On May 9, Judge Frank issued a pretrial order (PDF) that indicates these early test cases will be divided into five separate categories.

There are four categories for those who received Stryker Rejuvenate implants, and one for those who received the ABG II hip system, which is another implant involving the same design that was also recalled in July 2012. Very few of the injury lawsuits filed to date have involved the ABG II implant, with the vast majority involving Stryker Rejuvenate hips.

Of the categories involving Stryker Rejuvenate injury claims, the lawsuits will be divided by whether the plaintiff received the implant before or after January 1, 2011, and whether the revision was complicated or uncomplicated. Judge Frank previously determined that all of the bellwether cases will be restricted to plaintiffs who have had to undergo revision surgery to have the implants removed following catastrophic failure or complications that merited its removal.

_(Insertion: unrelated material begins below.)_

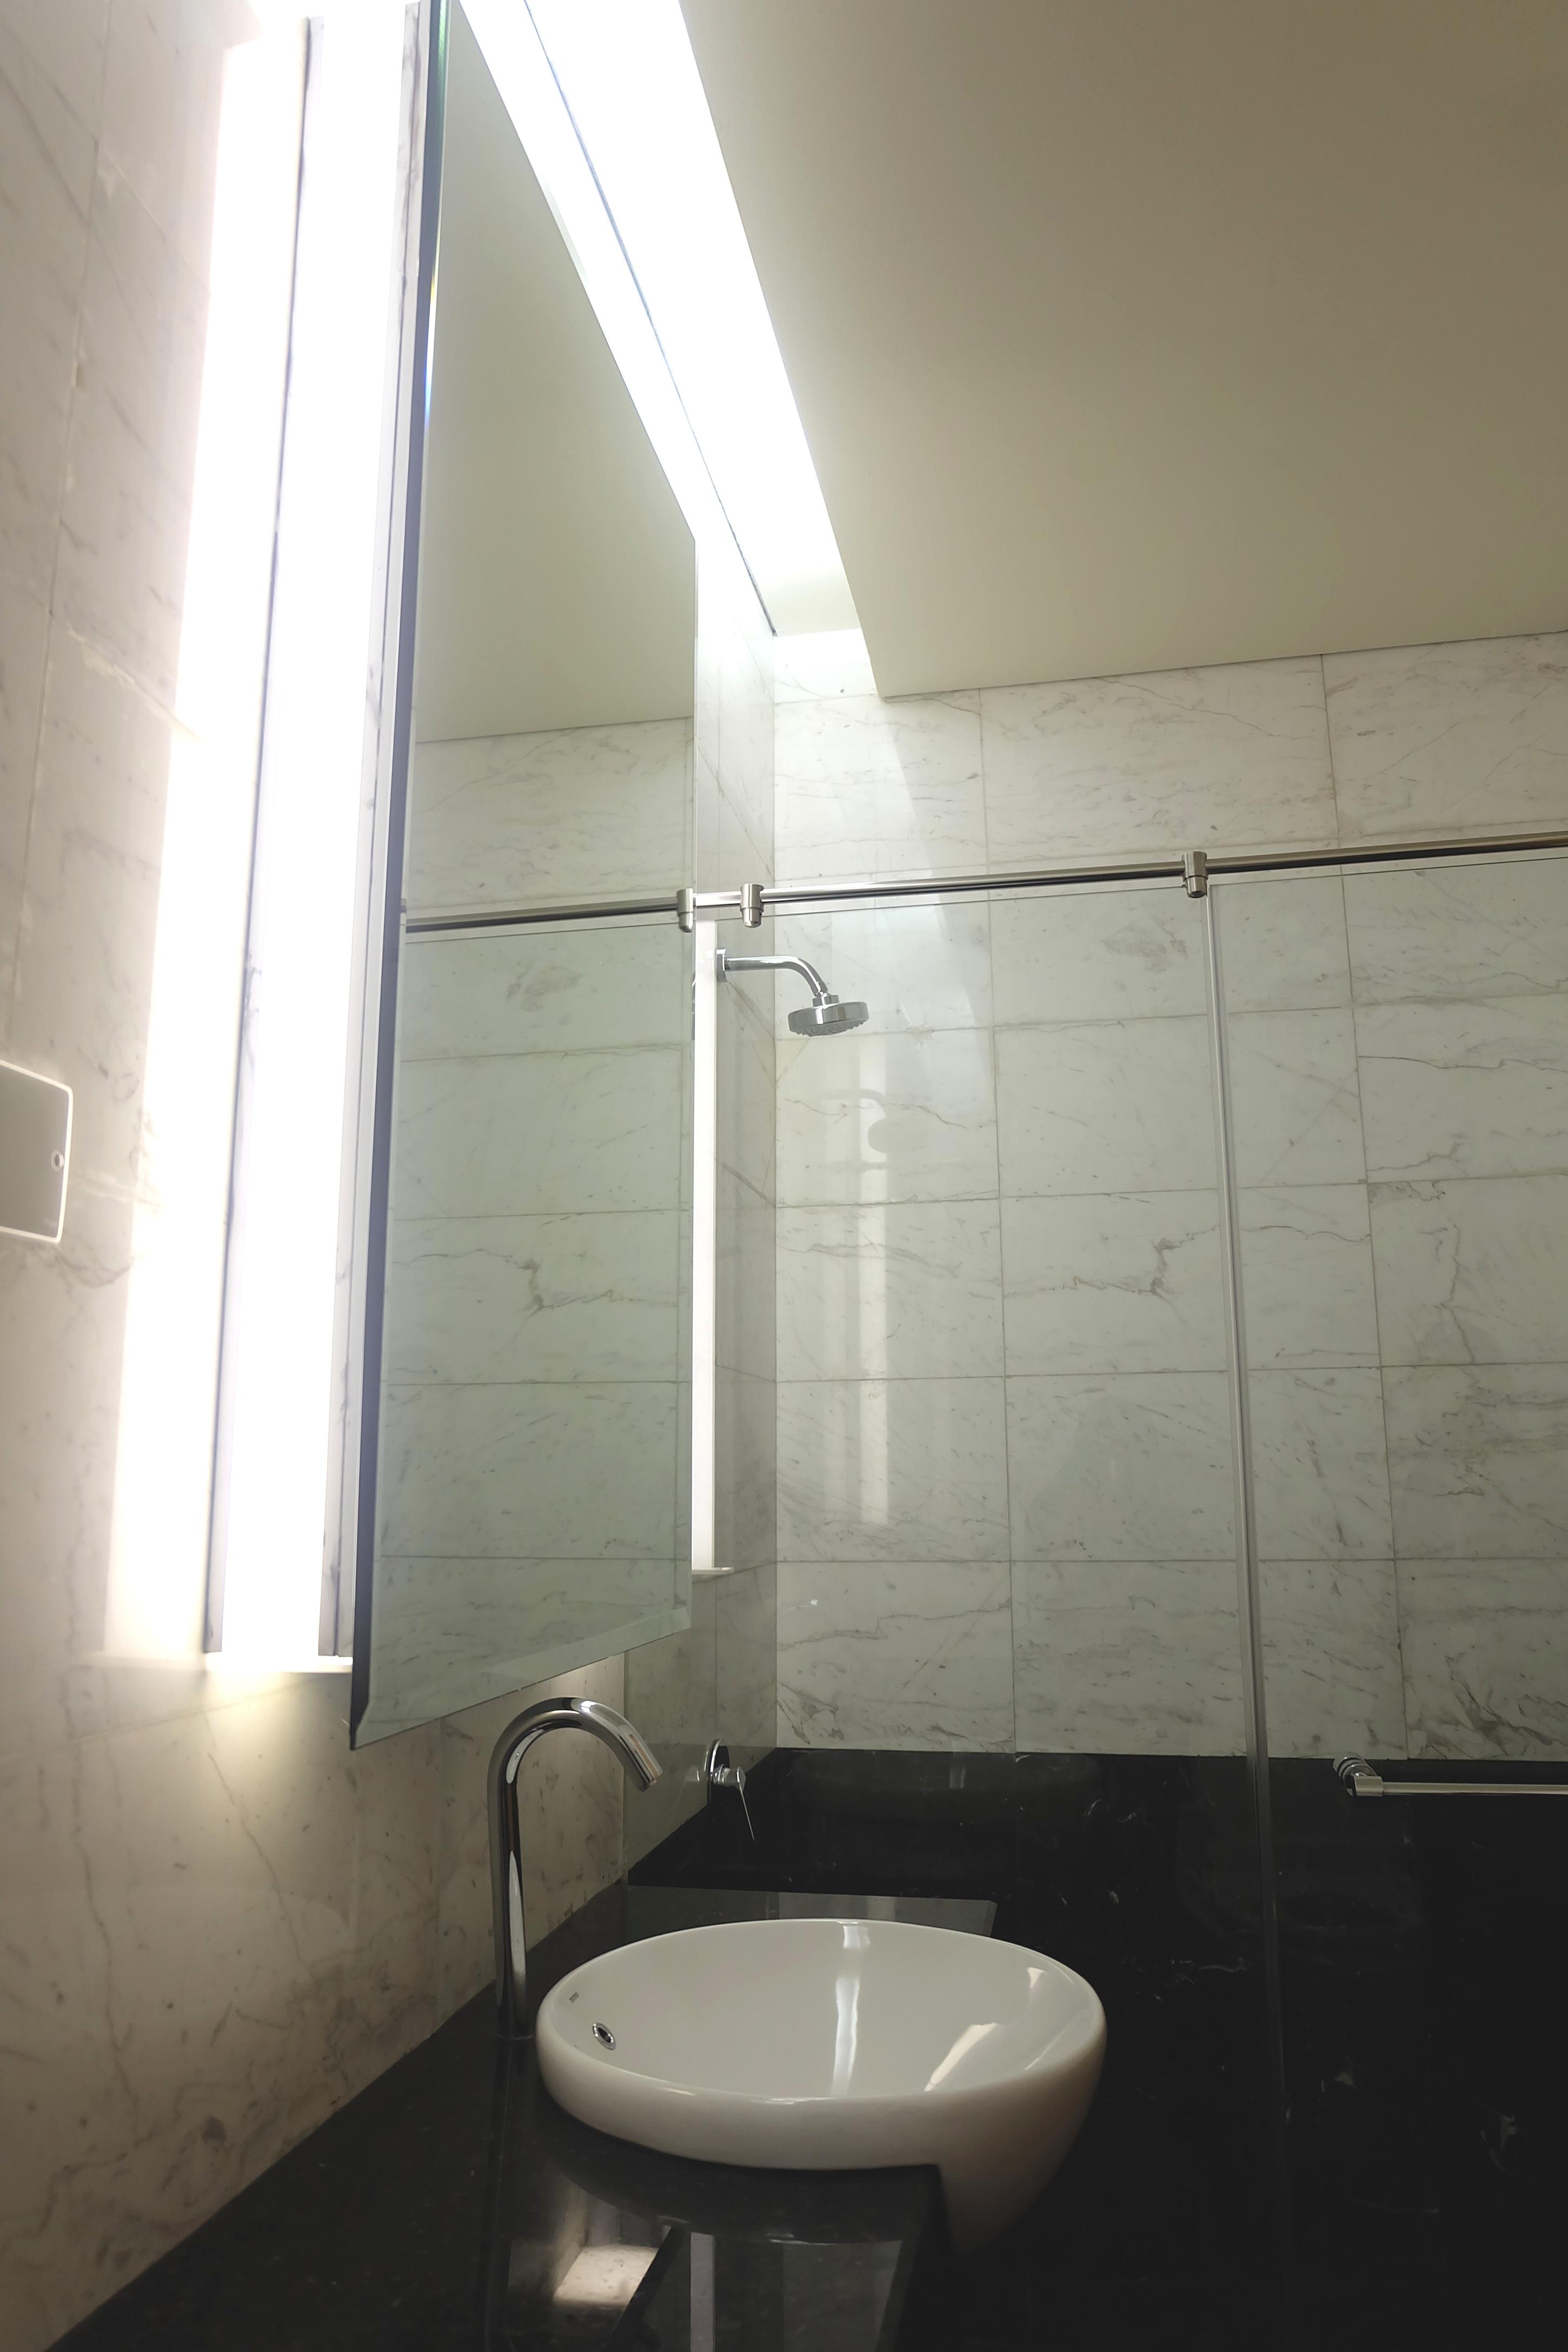 Executive Restroom 2

According to an order issued in March 2014, it is expected that between three and five Stryker Rejuvenate bellwether trials will be scheduled in the MDL, with the first cases ready to begin during the summer of 2015. The categories are no indication of what order the cases will be prioritized, Judge Frank clarified this month.

Following the bellwether trials, if agreements are not reached to settle or resolve a large number of cases, Judge Frank may begin remanding hundreds of cases back to U.S. District Courts throughout the country for individual trial dates.

In Extremis Dispositions

The bellwether order came just two days after Judge Frank established procedures (PDF) that will allow plaintiffs suffering from severe health problems to preserve their testimony, in the event they are never able to attend their own trial due to health reasons or death.

Known as “in extremis” depositions, Judge Frank indicated that plaintiffs must provide a certification or affidavit from their doctor indicating that they are hospitalized, terminally ill or in hospice care because of their medical condition and are not likely to recover before the trial. Plaintiffs’ attorneys must provide defense attorneys with a copy of the plaintiffs medical records, and must also provide a release of records and a number of other necessary fact sheets.

New Jersey Mediation Efforts to Settle Stryker Rejuvenate Cases

In New Jersey state court, all Stryker hip lawsuits have been centralized before Superior Court Judge Brian R. Martinotti in Bergen County, where the cases is being coordinated as part of a Multi-County Litigation, or MCL.

In an attempt to see if Stryker Rejuvenate settlements may be reached before lengthy and expensive litigation, Judge Martinotti established a mediation process last year.

The first phase involved a group of 10 cases that were selected for early negotiations before a court-appointed mediator. One of those selected cases was delayed, but the parties were able to successfully resolve eight of the remaining nine cases following mediation efforts, Judge Martinotti reported in the order issued February 27.

Another group of cases are currently being selected for a second phase of mediation efforts, which will involve several cases where the plaintiffs are 78 years of age or older. The Court has already randomly selected five cases and plaintiffs have identified another five cases that will be part of this phase 2 mediation.